Weather Underground uses Linux clusters and low-cost bandwidth to keep from being pelted by traffic storms.

For storm chasers, the excitement is in facing Mother Nature's wrath and coming out unscathed. The paradigm is similar for the IT team at Weather Underground, a Web-based weather service that experiences internal storms whenever bad conditions hit. For example, the number of page views on Weather Underground topped more than 14 million - triple the average - on Aug. 29, the day Katrina hit New Orleans. With users requesting animated radar maps that can be as large as 800K bytes, bandwidth requirements surged to more than five times the average, says Chris Schwerzler, IT operations manager at the San Francisco company.

To survive such traffic storms, the IT team devised a flexible infrastructure that can scale easily and deliver cost-effective bandwidth-intensive data as needed. Computing clusters built out of low-end, Intel-based servers running Linux give the Weather Underground processing oomph, while connectivity from Cogent provides big bandwidth at reasonable cost. Without this infrastructure, Weather Underground would not be able to deliver high-quality weather content and still be profitable, Schwerzler says.

"It would be hard to advertise and break even for the cost of the bandwidth," he says.

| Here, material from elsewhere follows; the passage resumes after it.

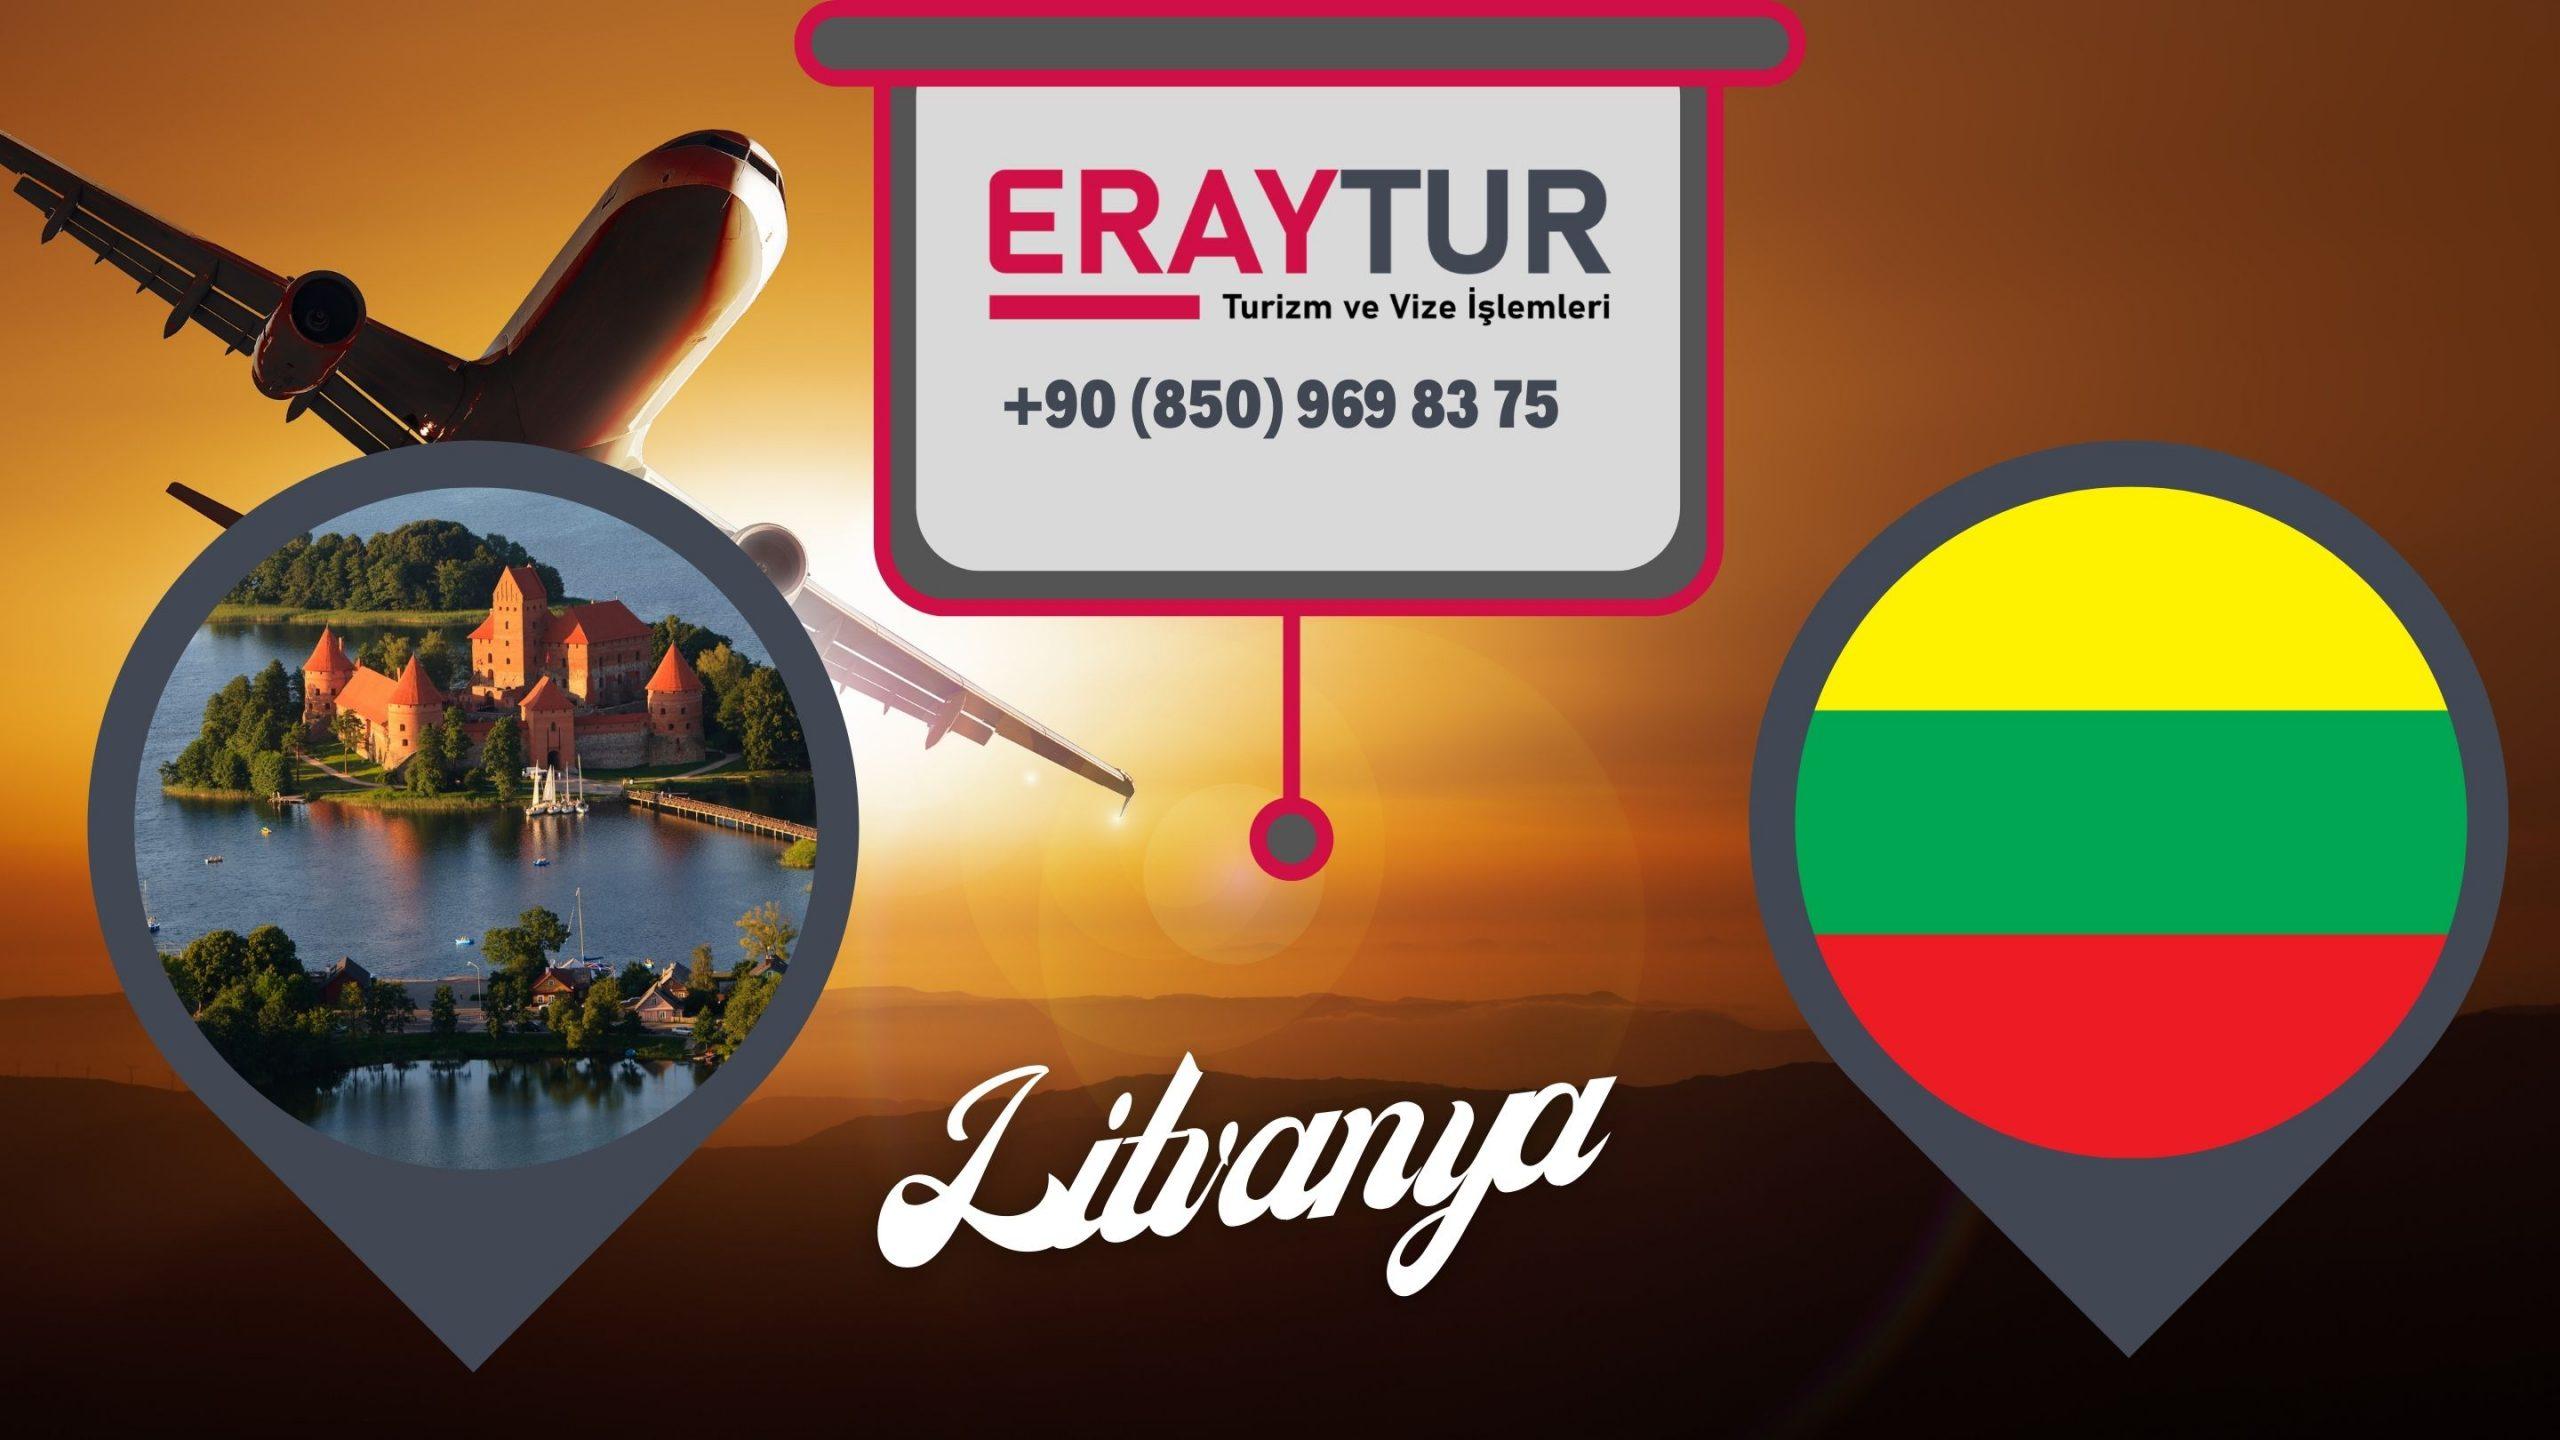 Litvanya Vize Formu ve Dilekçe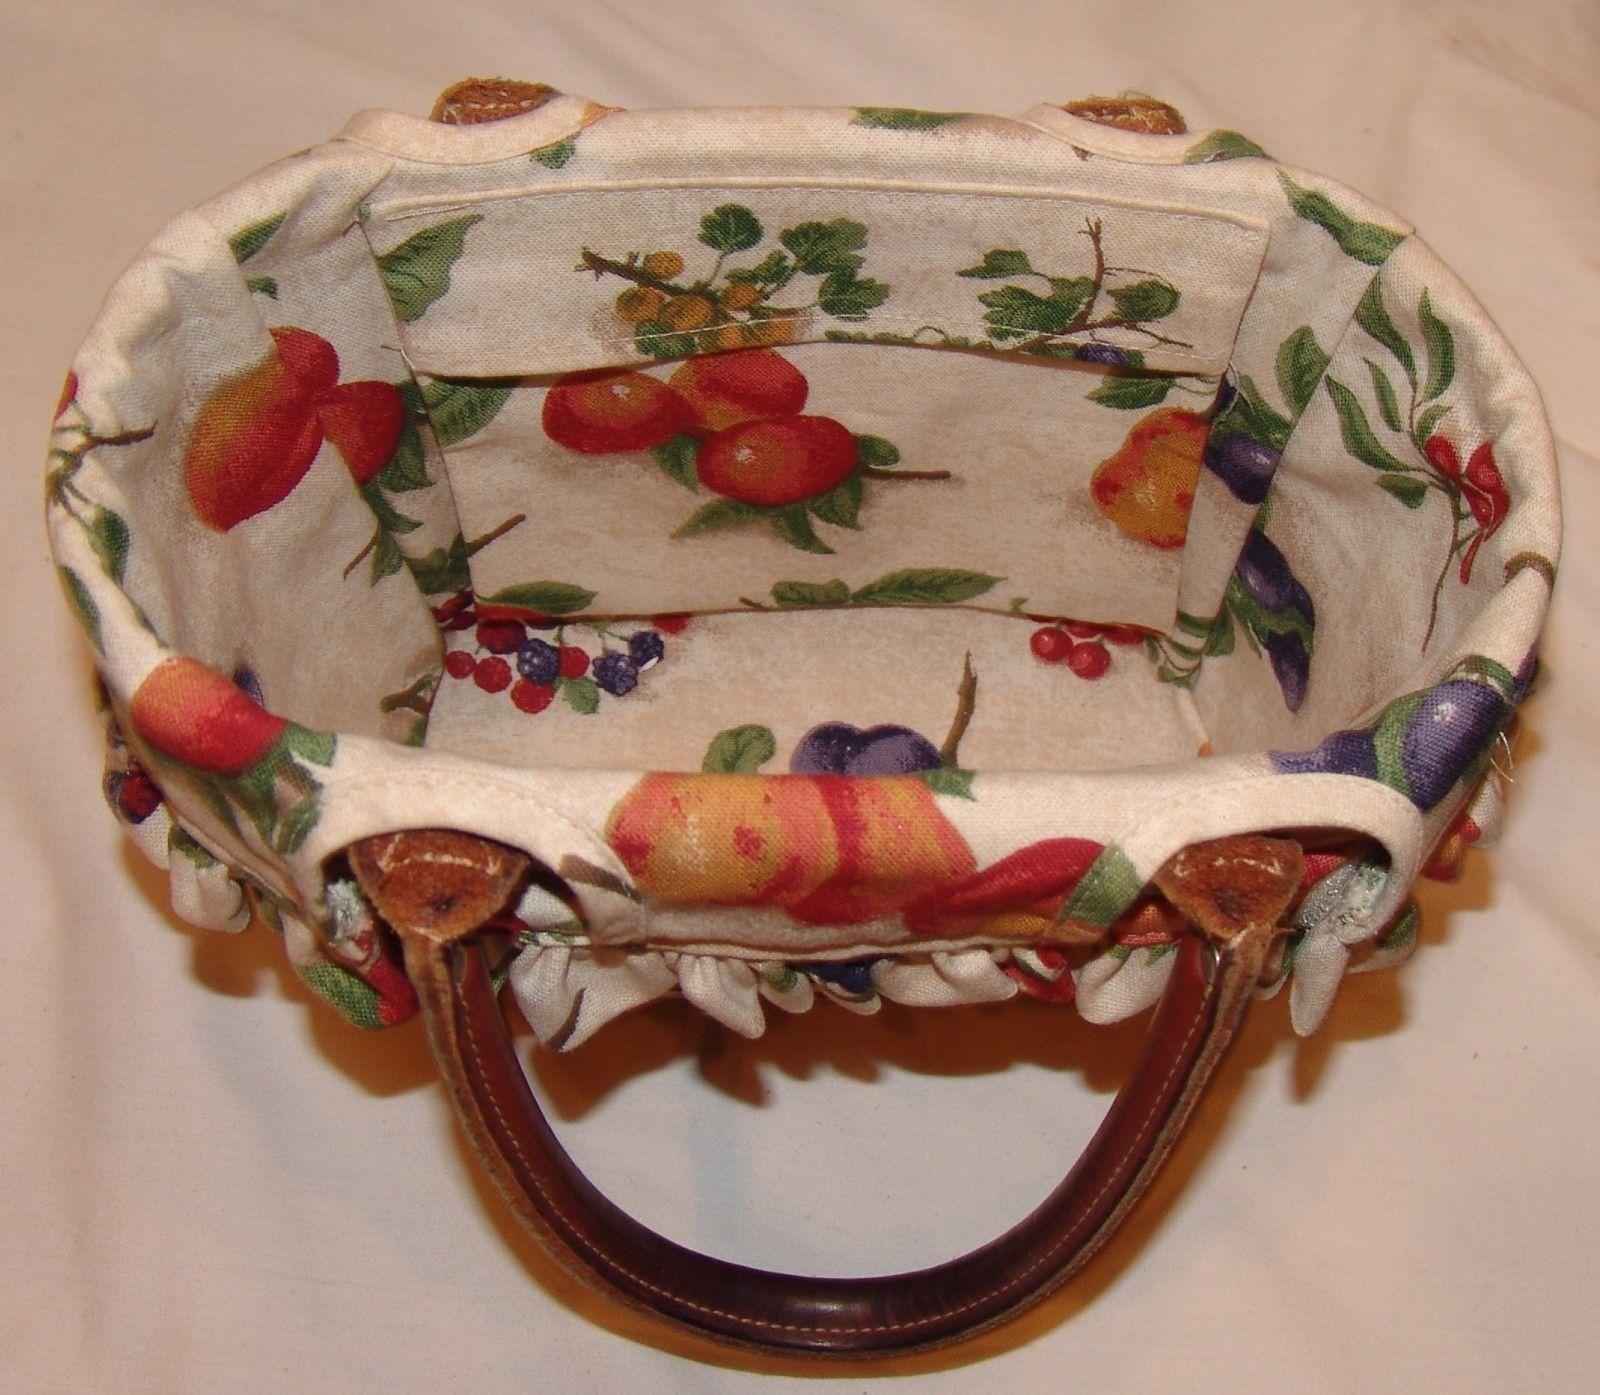 Longaberger Basket w/ Leather Handles w/ Fruit Print Lining 2004 Signed

Weather Underground's efforts to create an inexpensive, scalable infrastructure to deliver weather data via the Web began in early 2000, coincident with a National Weather Service (NWS) policy change. Rather than restrict availability of that information to a few companies through private contracts, the NWS made the data widely accessible. "There was suddenly the availability of a lot of interesting radar data, and it was our project to develop an infrastructure that could scale and bring that data to a large number of end users," Schwerzler says.